We screeched to a halt by the truck again. I got off and sulked for a while. Obviously none of my trying mattered. Best to give up now.

Dixie stared at me. She obviously was trying to use her horse telepathy to tell me to please sell her. I sulked some more. She kept staring.

But she wasn't actually trying to freak out and run off. Maybe she didn't hate me?

She started pawing. Not trying to yank the reins out of my hands and run away, just standing stock still and pawing. Like she was pissed that we were still here, by the truck, being boring.

I'm pretty dense but eventually I can figure things out. I fished Champ's bridle, with the nice mild curb bit, out of the back seat. Took the other bridle off of Dixie, scratched her sweaty itchy face for a minute, and slipped Champ's bridle on. She dropped her head and opened her mouth for the bit. I got the straps adjusted (three holes smaller for her than for him) and flipped the reins over her head.

Stepped back near the stirrup. She shifted her weight. I picked up the reins and said "Ho." She stood still. I swung up. She stood still. I got my right foot in the stirrups. She flicked an ear back at me. Touched her sides and we were off. Picked up the reins and pulled back, gently, and we stopped.

She wasn't perfect, by any means - she still really thought we should go ride in circles around her friends - but she was about 700% better than before. We rode til the sun had gone completely down and the last light was fading. She was FINE. Giving me ears occasionally, to let me know she knew I was up there. Steering mainly off of legs, with just a bit of rein pressure to remind her that I meant something. Stopping when I picked up the reins and made contact.

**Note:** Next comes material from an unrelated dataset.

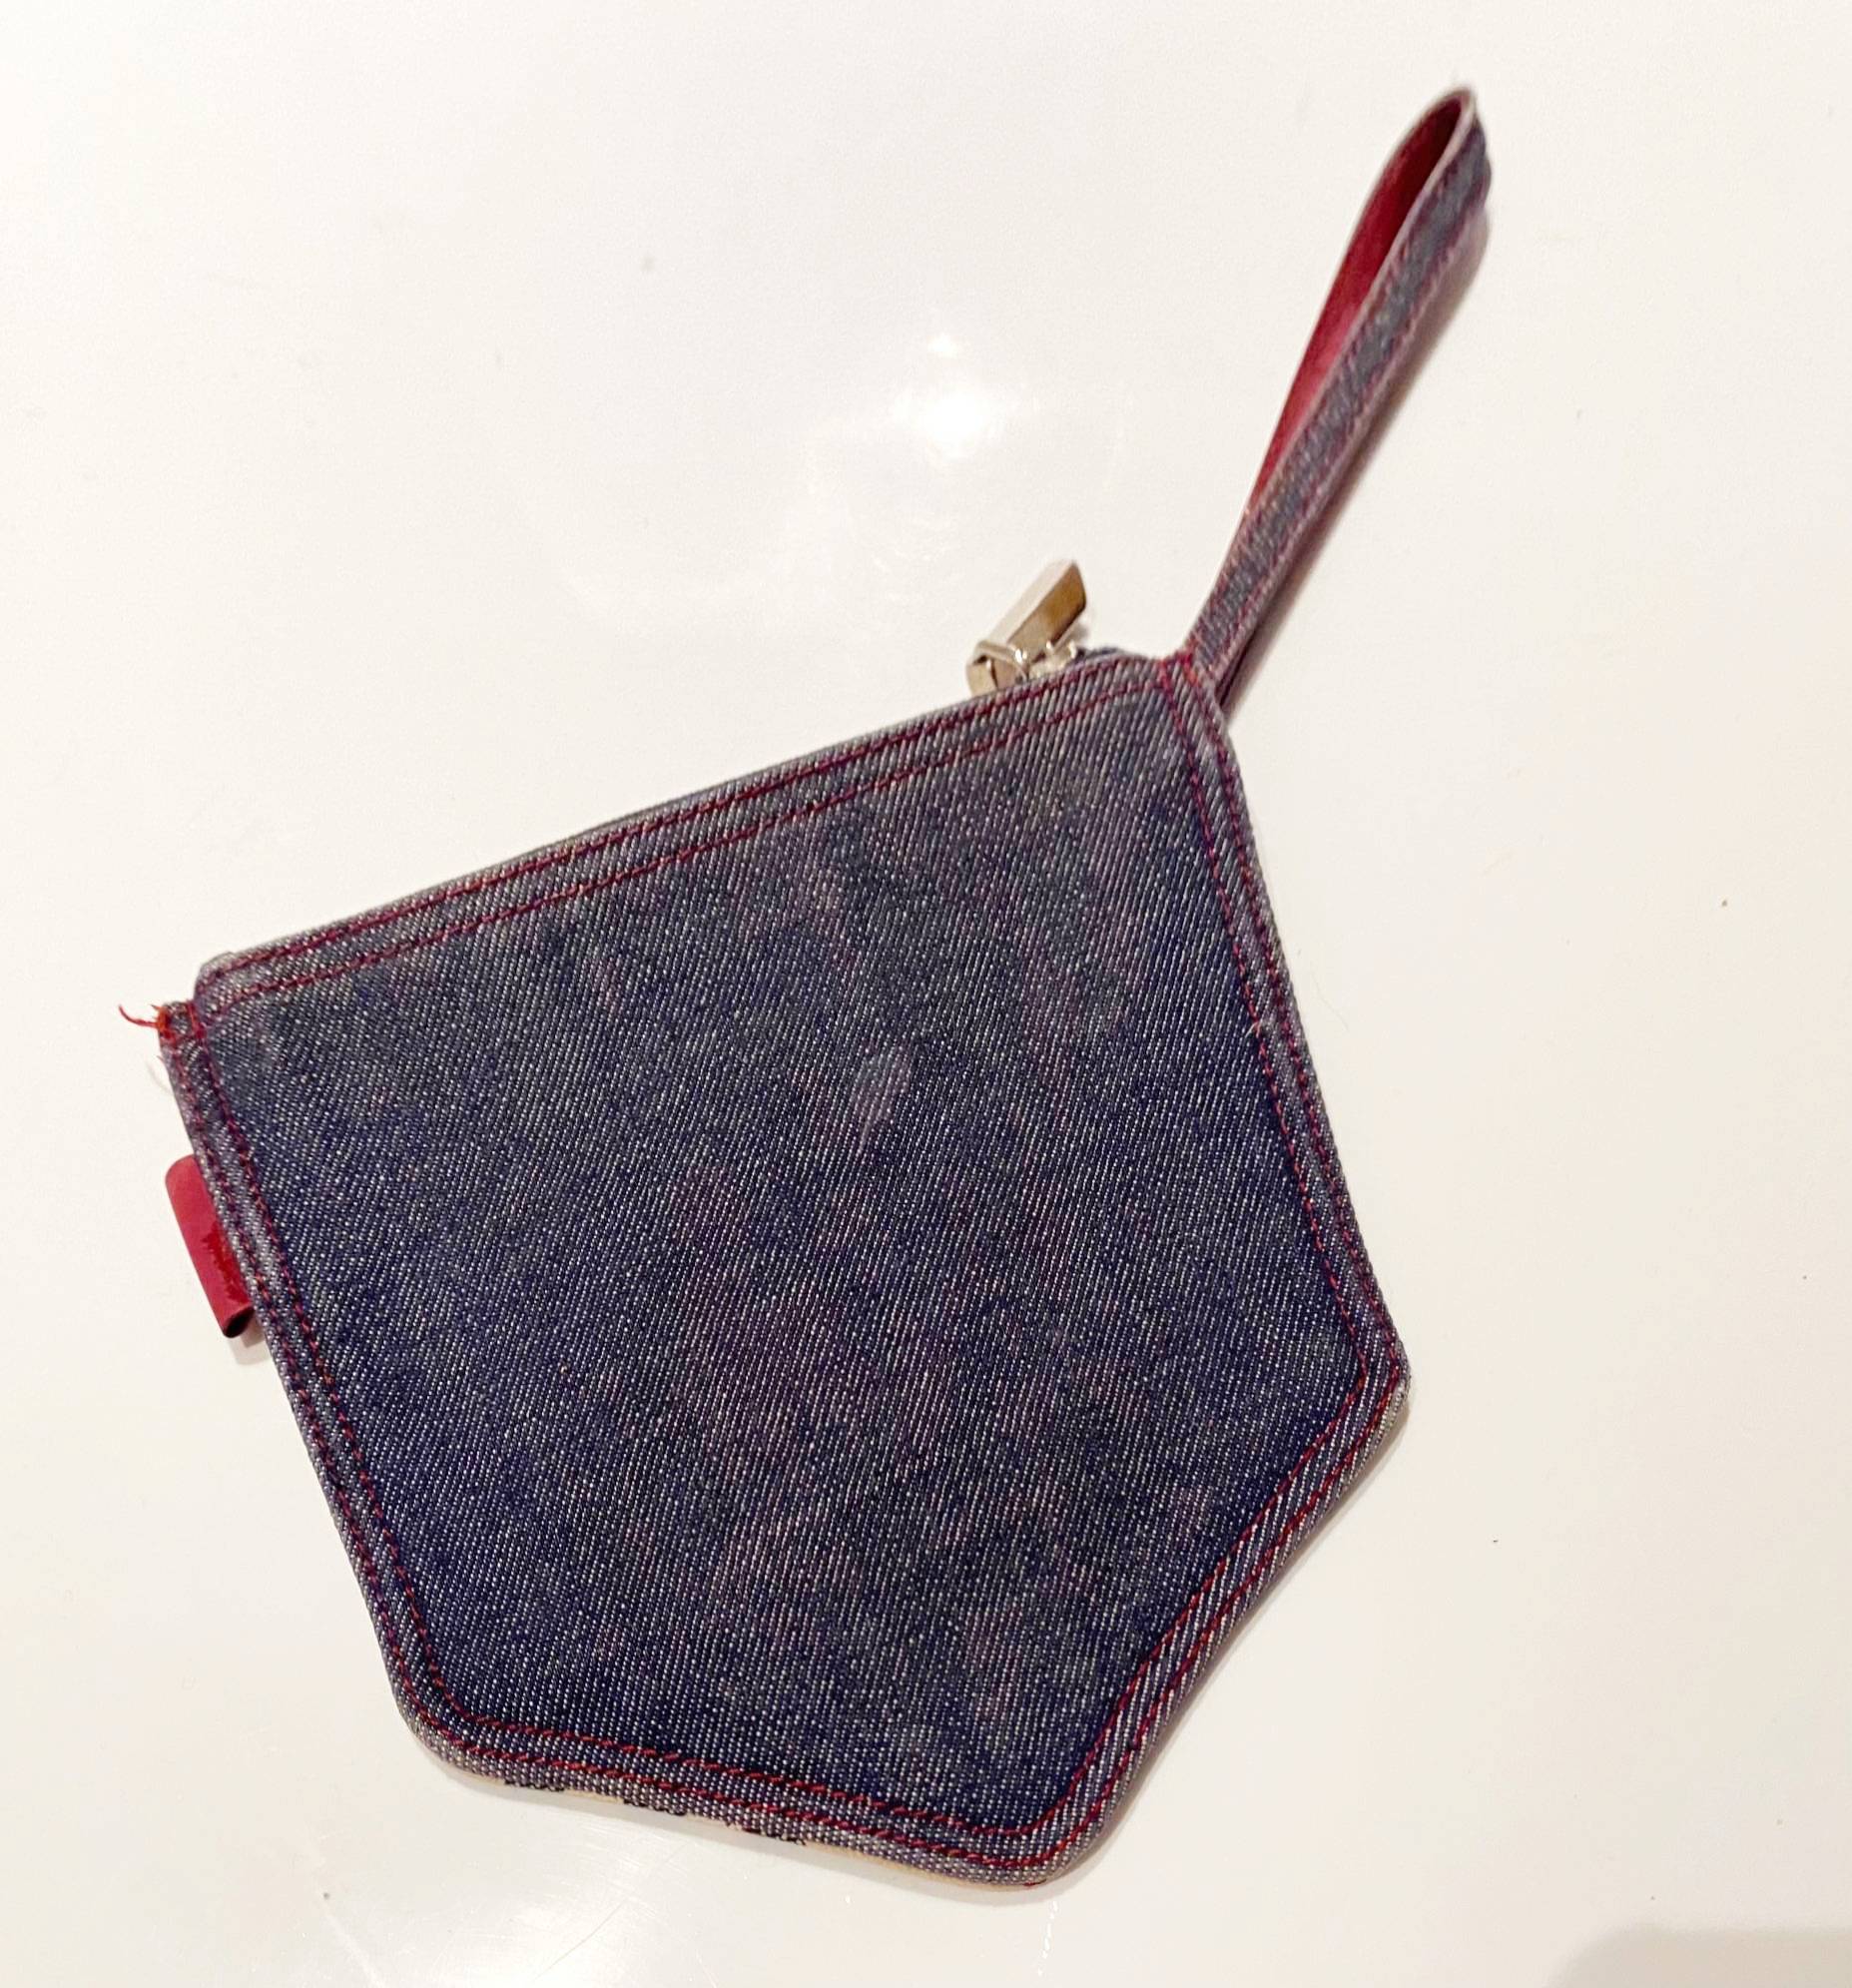 1990s Burberry Pocket Shaped Wristlet Pouch - style - CHNGR
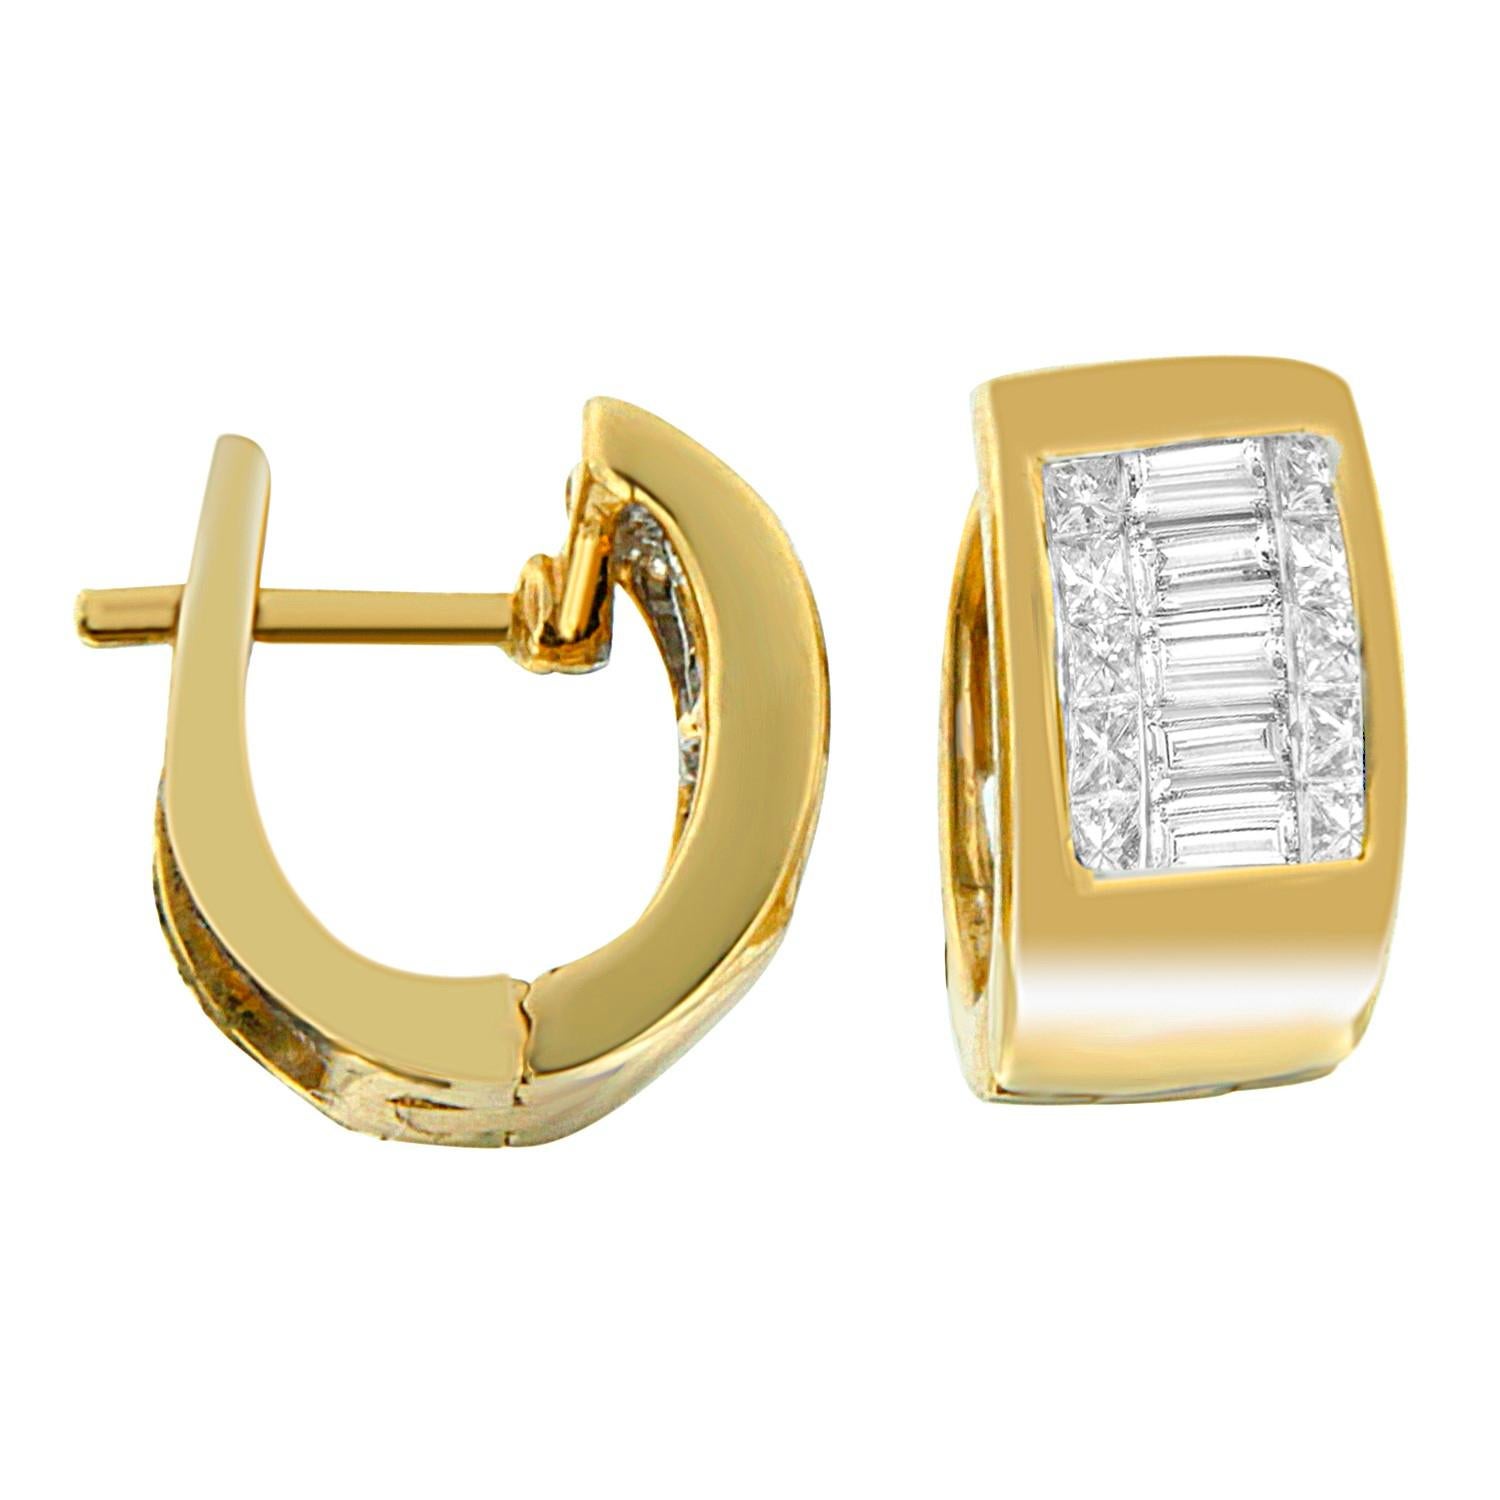 Flaunt your never-ending love for classy diamonds by wearing these alluring diamond earrings. These 14k yellow gold diamond earrings are designed with 1/2ct princess and baguette cut that makes them look more unique. The fine yellow gold finishing

I finally took us back to the truck and got all the tack off of her. She hung out while I rubbed her itchy face. Stayed while I loaded the truck. Followed me to the round pen where I picked up my lead rope. I kept telling her to shoo, to go find Champ and Poppy, but she just followed me around like a friendly stray dog. Finally, when it was clear that I was getting in the truck to leave, she wandered off and started grazing.

It was a pretty awesome end to a pretty horrible horse day.

I'm left wondering why the hell I want to ride her in a snaffle? I mean, I know the big deal about snaffles - I totally understand now how little lateral control you have with a curb - but why do I care so much about riding her in a snaffle? I don't understand why she so obviously prefers a curb, but she sure as hell doesn't even know I'm on her back with the snaffle. Horses! Argh!

1 comment:

  1. Whoa (or lack thereof, haha) what a day.

    Use whatever bit the horse responds to -- don't get married to the particular bit that you feel is best. If she's more comfortable in a curb, then that's that. They can be fair and communicative in light hands. Maybe it's what she was broke out with, so it just feels familiar.

    I tried several bits on Raven, but after a while it became clear that she resents any bit so we went bitless. Whatever works best for the horse.